++++ Raw data

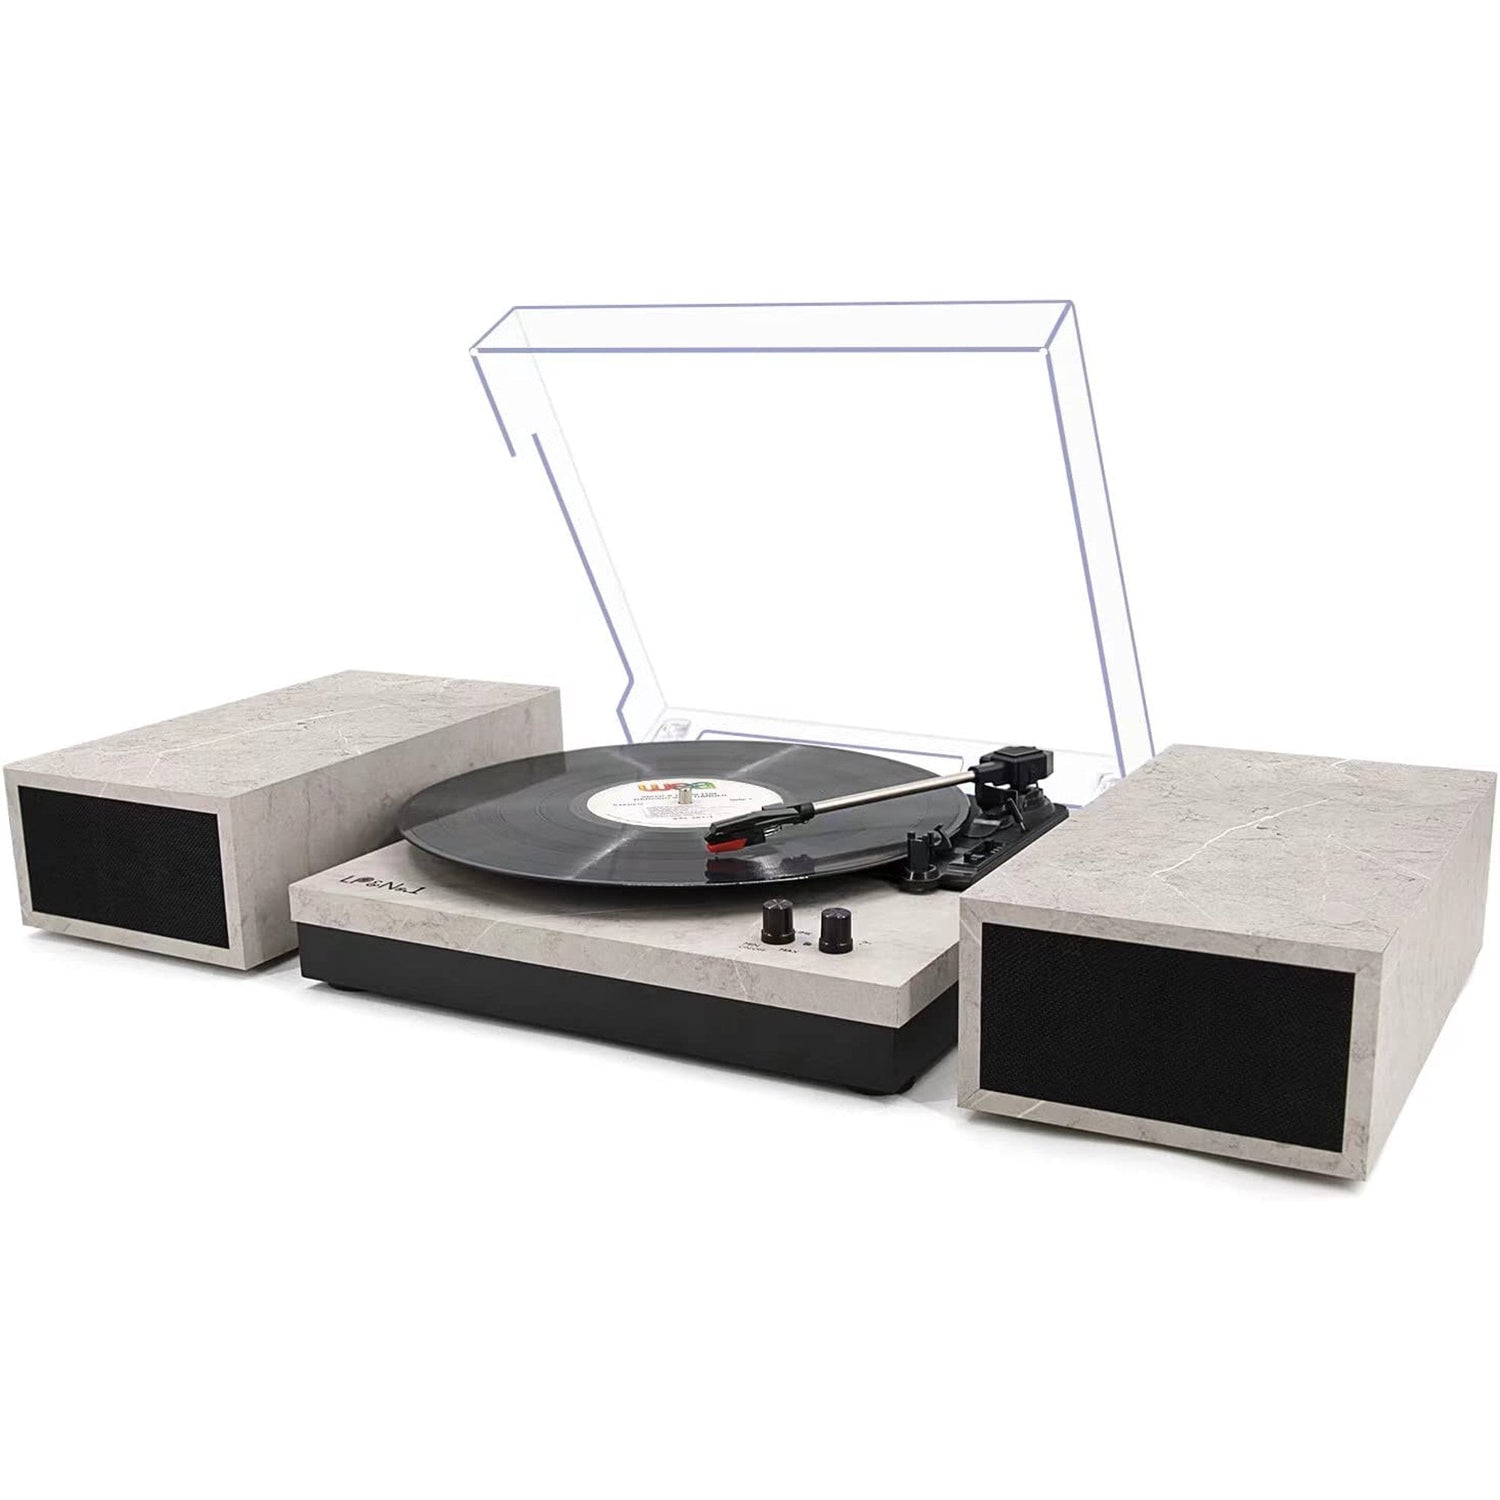 LP&No.1 Record Player, Bluetooth Vinyl Turntable with Stereo Bookshelf Speakers Sigbeez
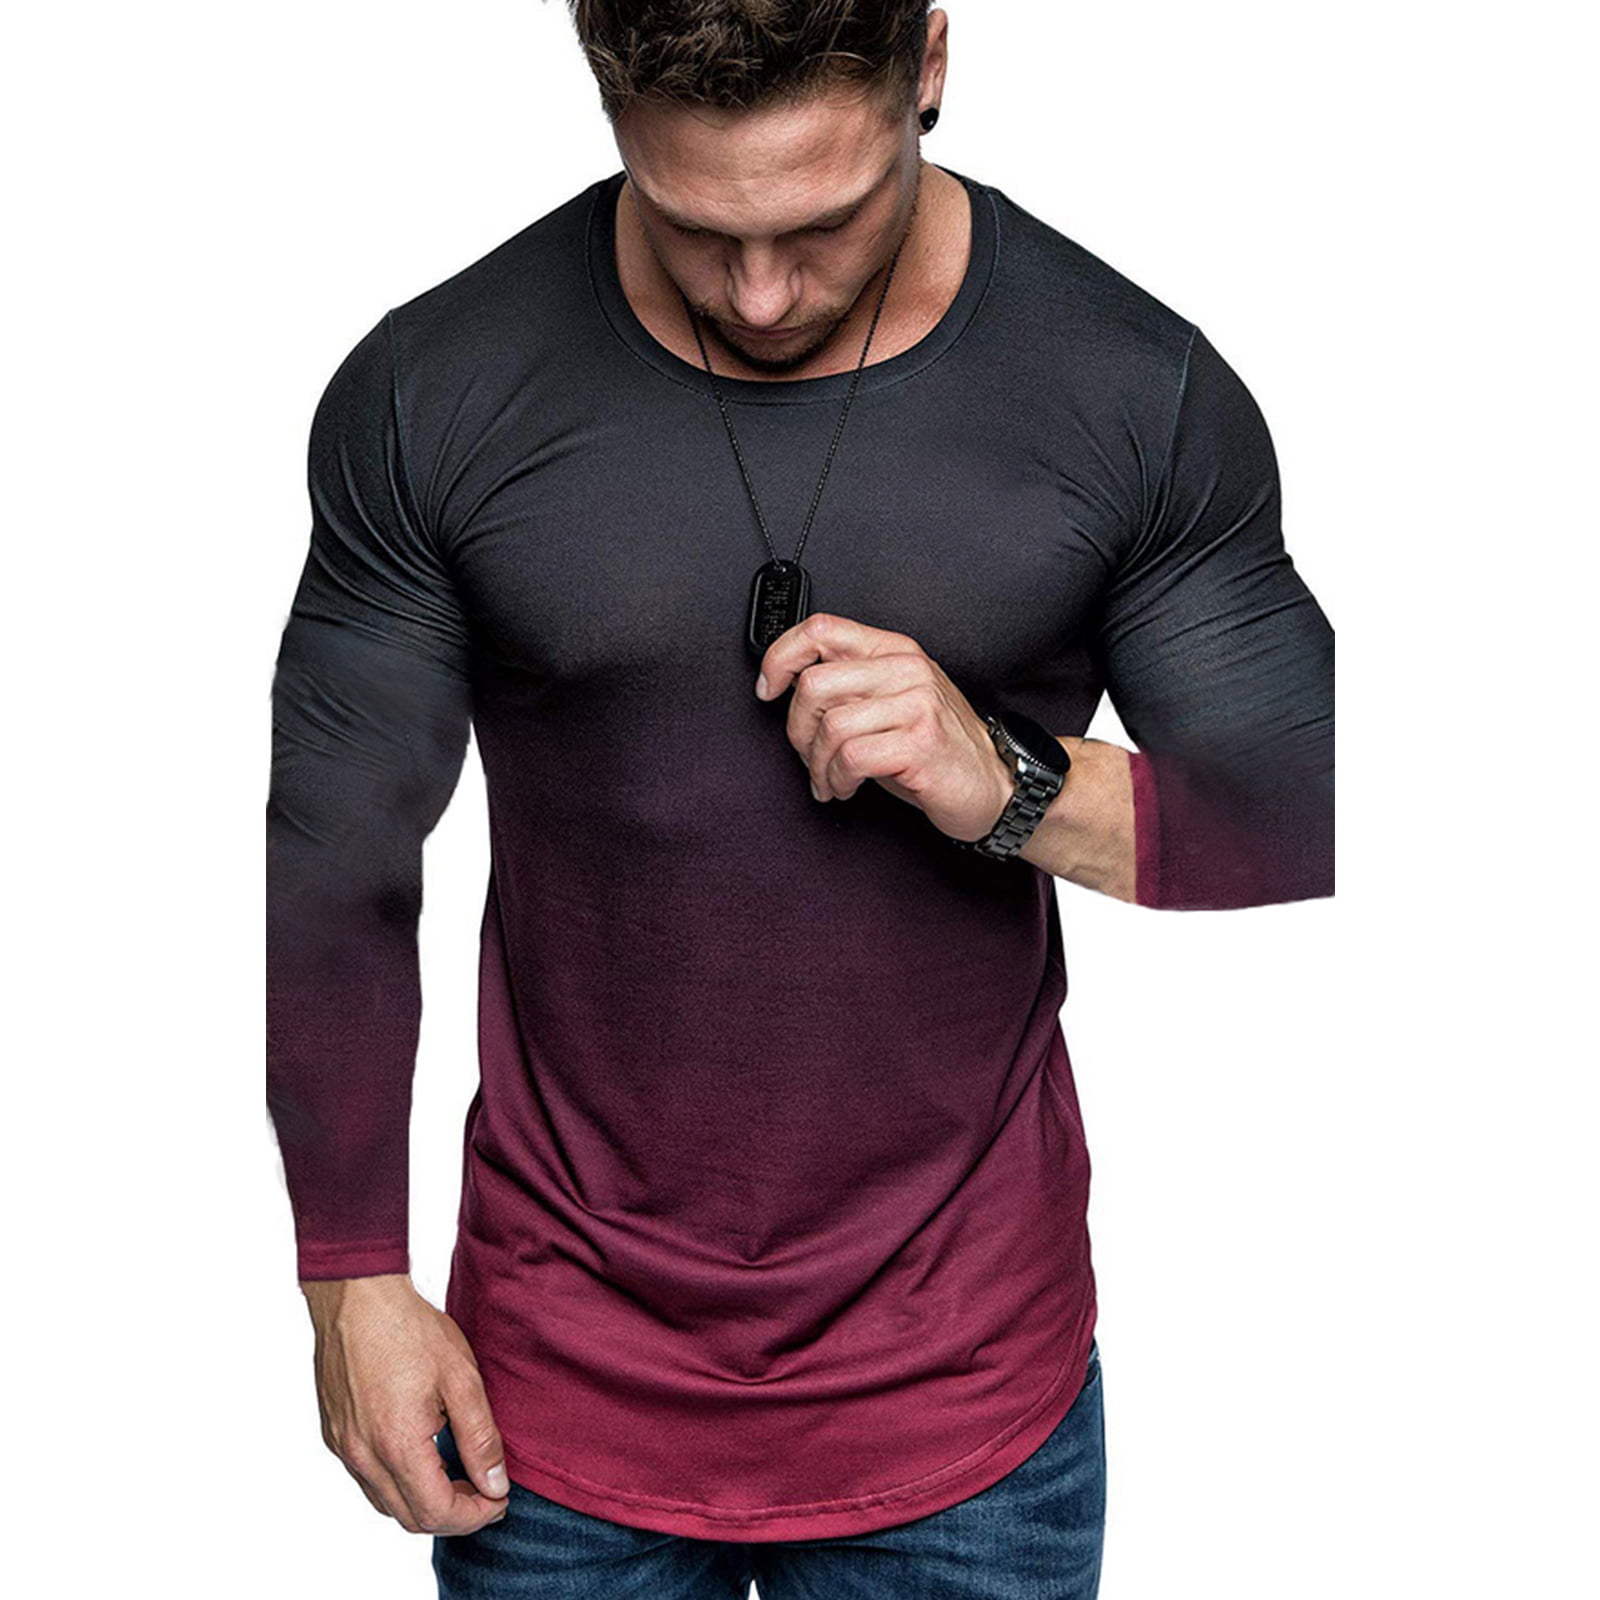 unbrand - Men Long Sleeve Slim Fit O-Neck Muscle Tee T-shirt Casual ...
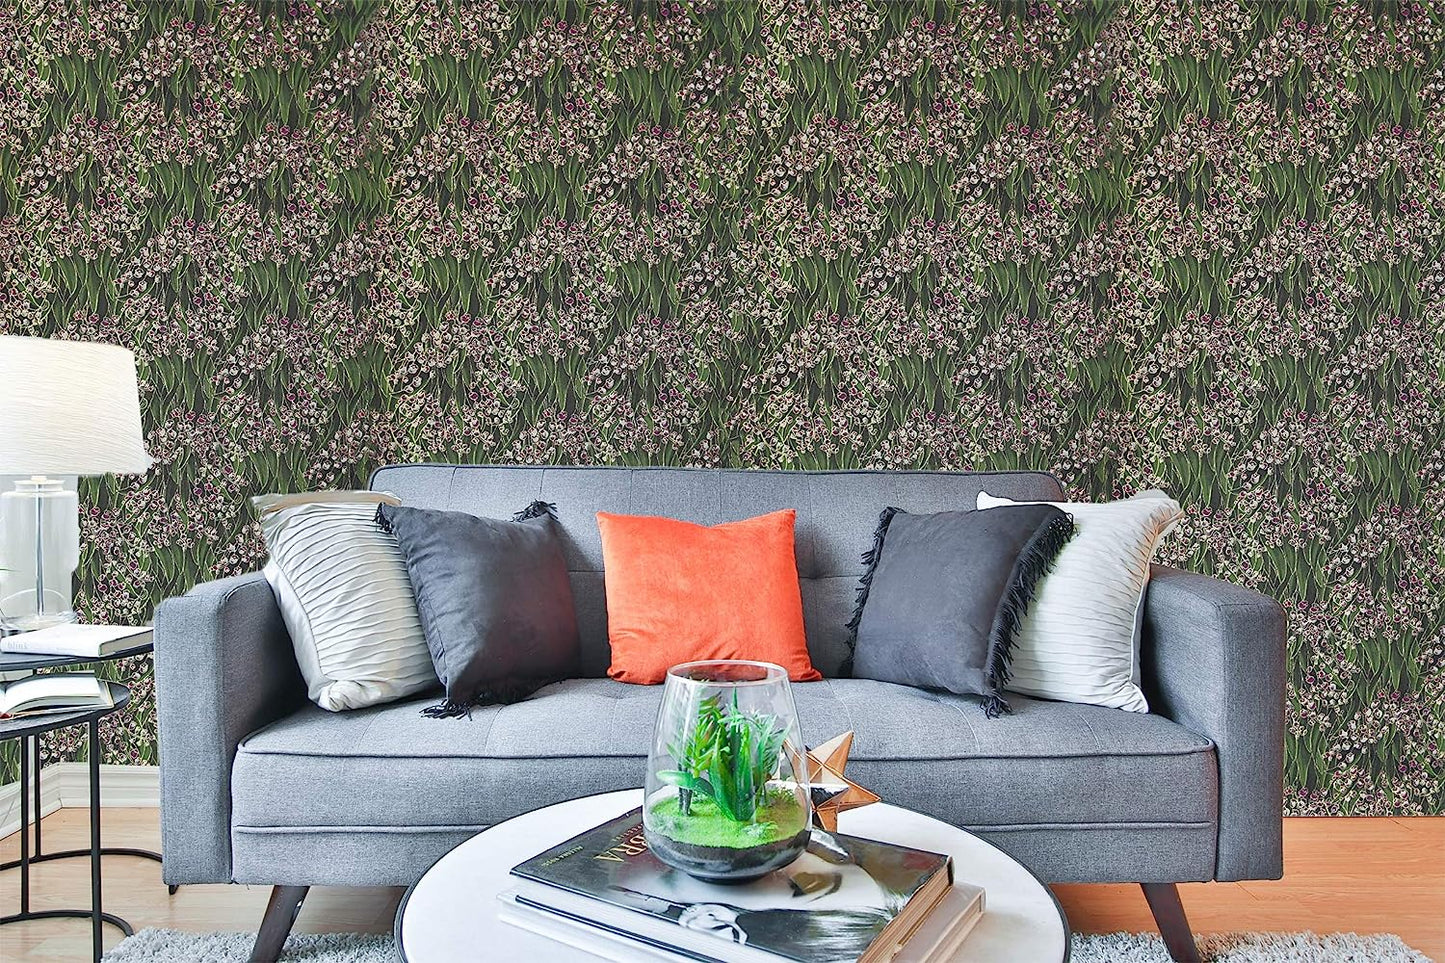 3D Latest Floral Design Green Wallpaper Roll for Home Walls 57 Sq Ft (0.53m or 21 Inches x 10m or 33 Feet)

++++++++

▸ What the task asks
Each line above is to be copied exactly, and the pictures are to be dropped.

▸ Finished exercise
 LP&No.1 Record Player, Bluetooth Vinyl Turntable with Stereo Bookshelf Speakers Sigbeez
 unbrand - Men Long Sleeve Slim Fit O-Neck Muscle Tee T-shirt Casual ...
 3D Latest Floral Design Green Wallpaper Roll for Home Walls 57 Sq Ft (0.53m or 21 Inches x 10m or 33 Feet)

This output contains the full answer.